#### Data shown
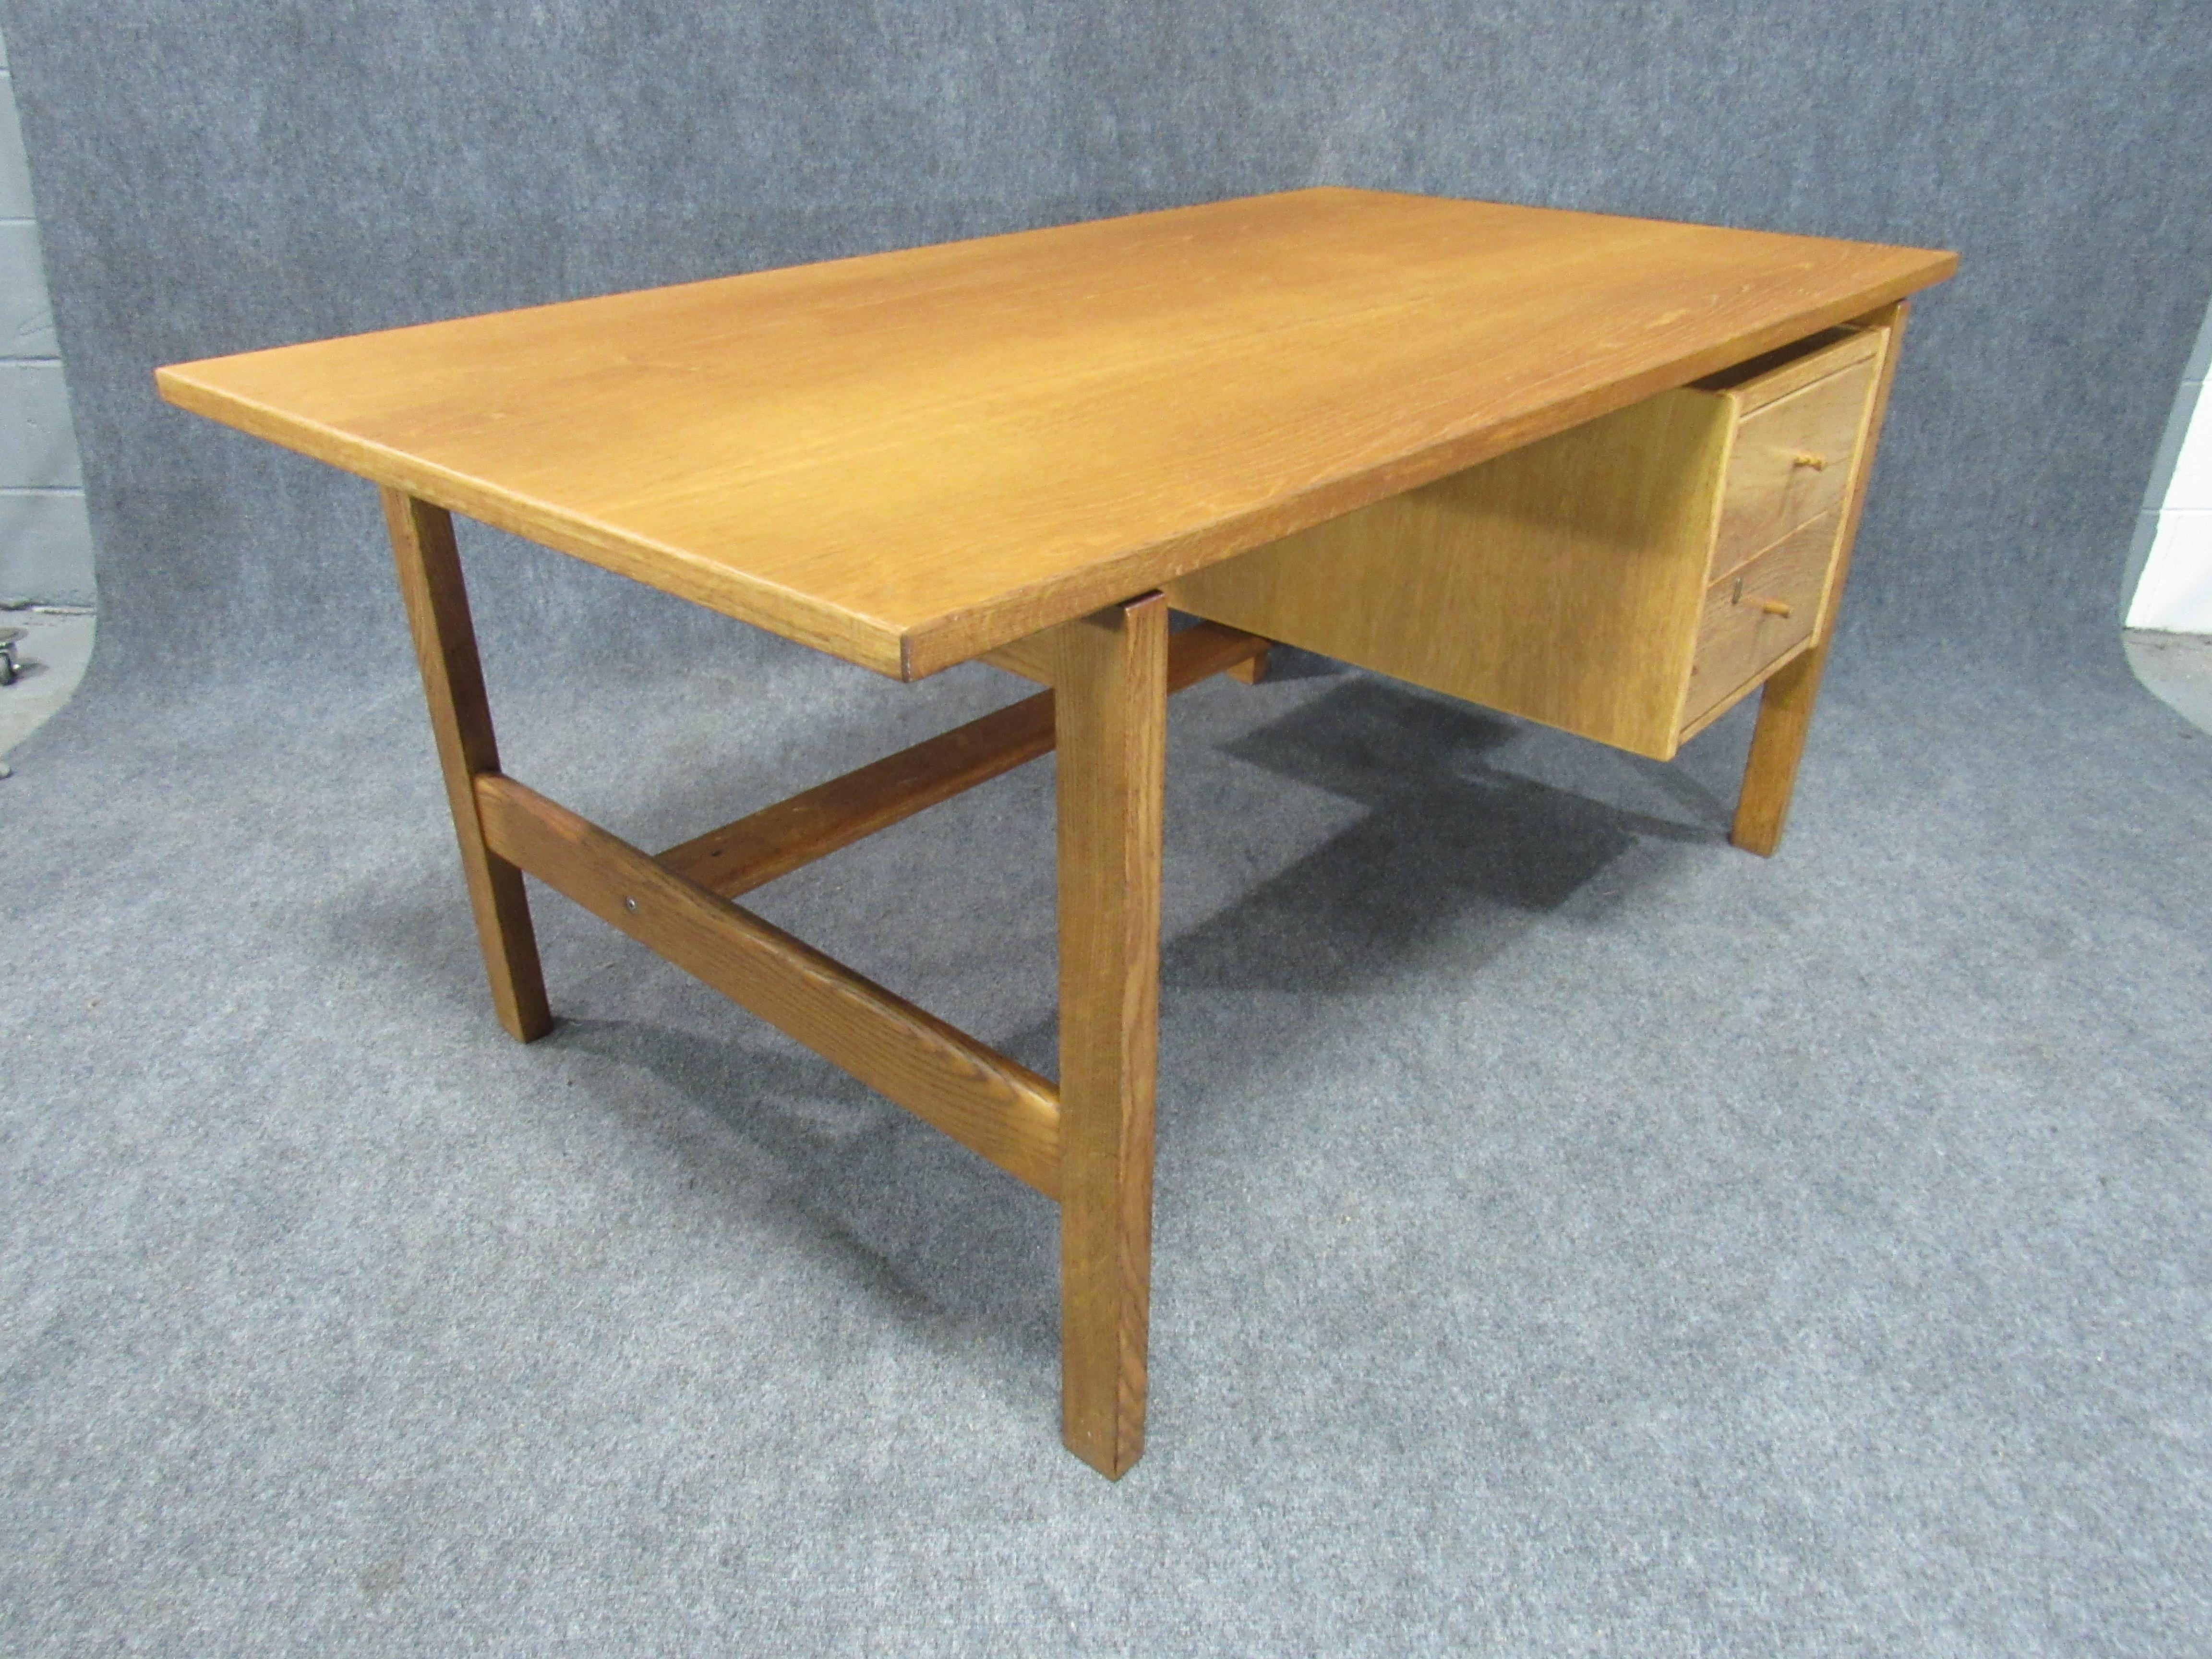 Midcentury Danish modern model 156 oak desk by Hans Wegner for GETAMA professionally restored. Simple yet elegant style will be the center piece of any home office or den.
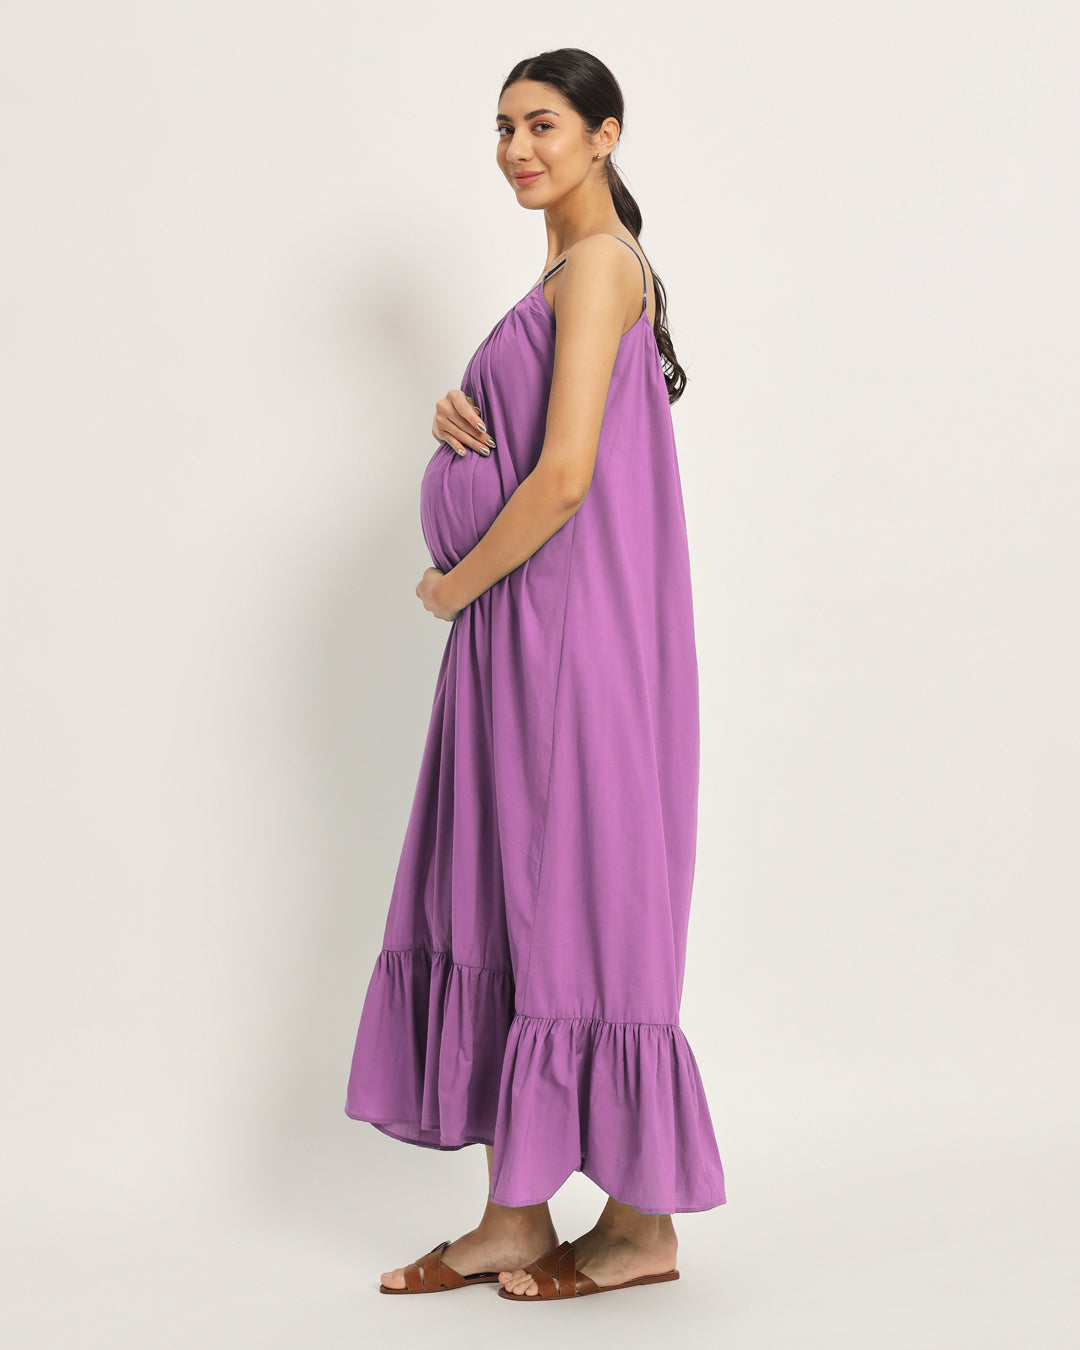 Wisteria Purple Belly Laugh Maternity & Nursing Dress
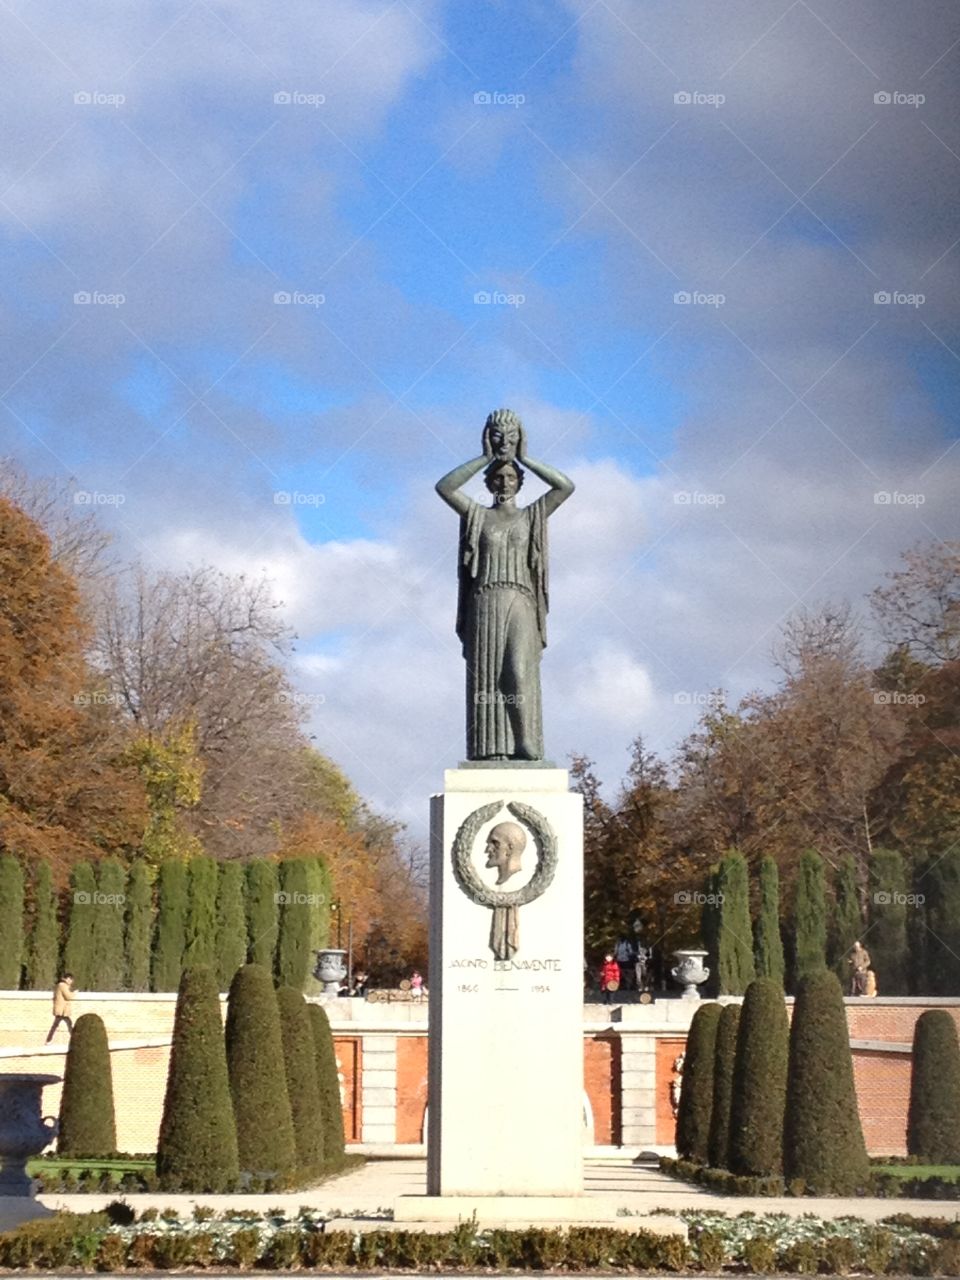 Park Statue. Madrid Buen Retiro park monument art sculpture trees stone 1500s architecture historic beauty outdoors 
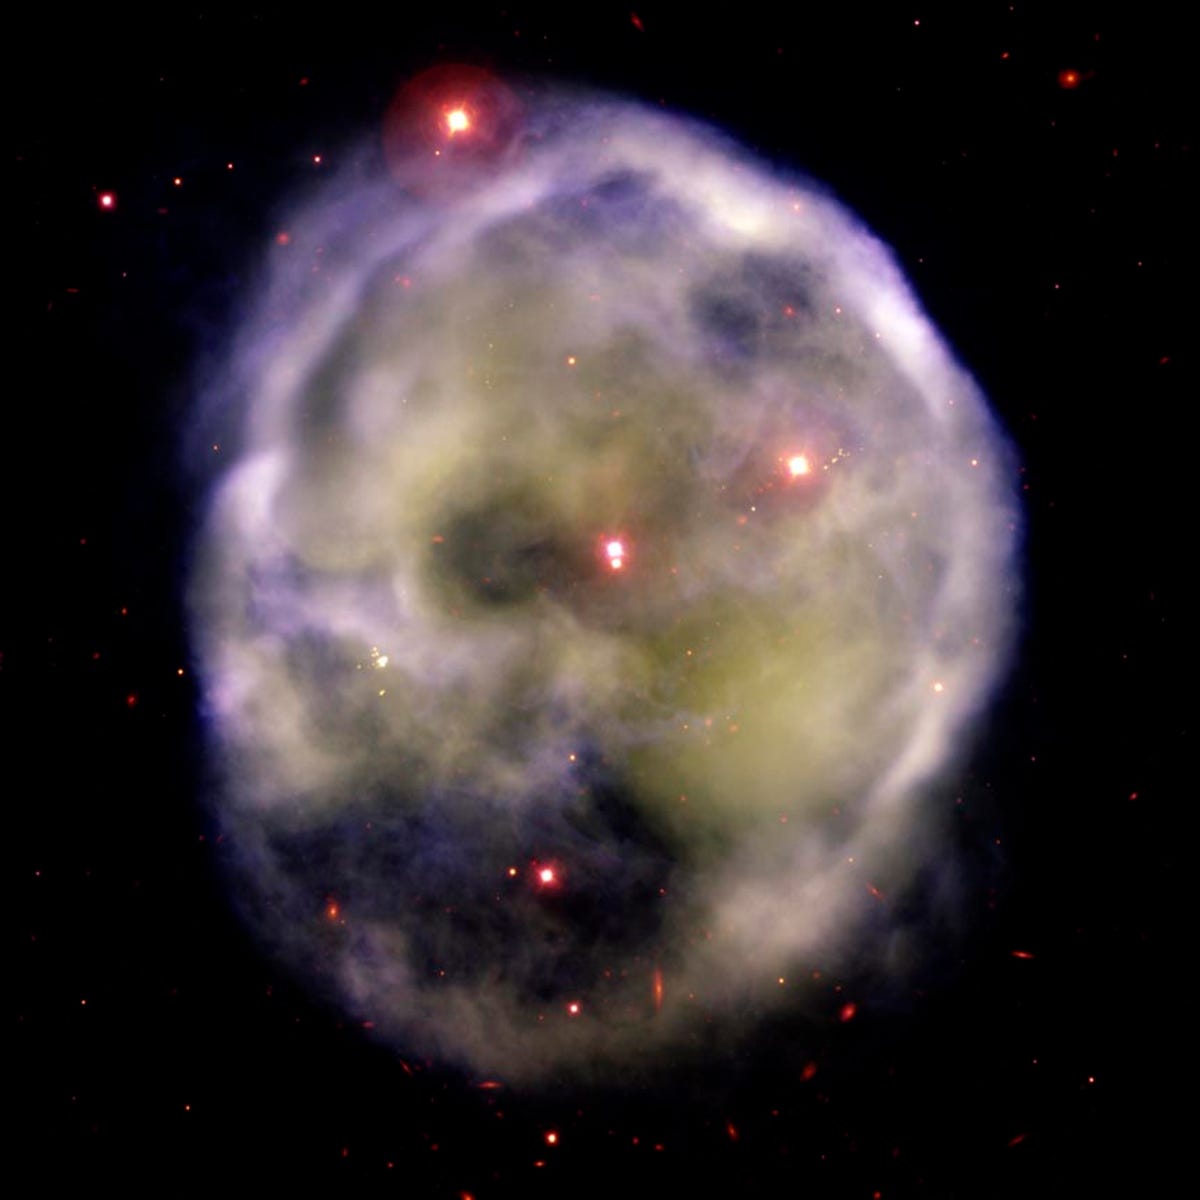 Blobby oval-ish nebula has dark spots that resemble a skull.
########
** Brief **
When you restate the listing above, give each line word for word but leave out every image.

** Response **
 Midcentury Danish modern model 156 oak desk by Hans Wegner for GETAMA professionally restored. Simple yet elegant style will be the center piece of any home office or den.
 Wisteria Purple Belly Laugh Maternity & Nursing Dress
 Park Statue. Madrid Buen Retiro park monument art sculpture trees stone 1500s architecture historic beauty outdoors 
 Blobby oval-ish nebula has dark spots that resemble a skull.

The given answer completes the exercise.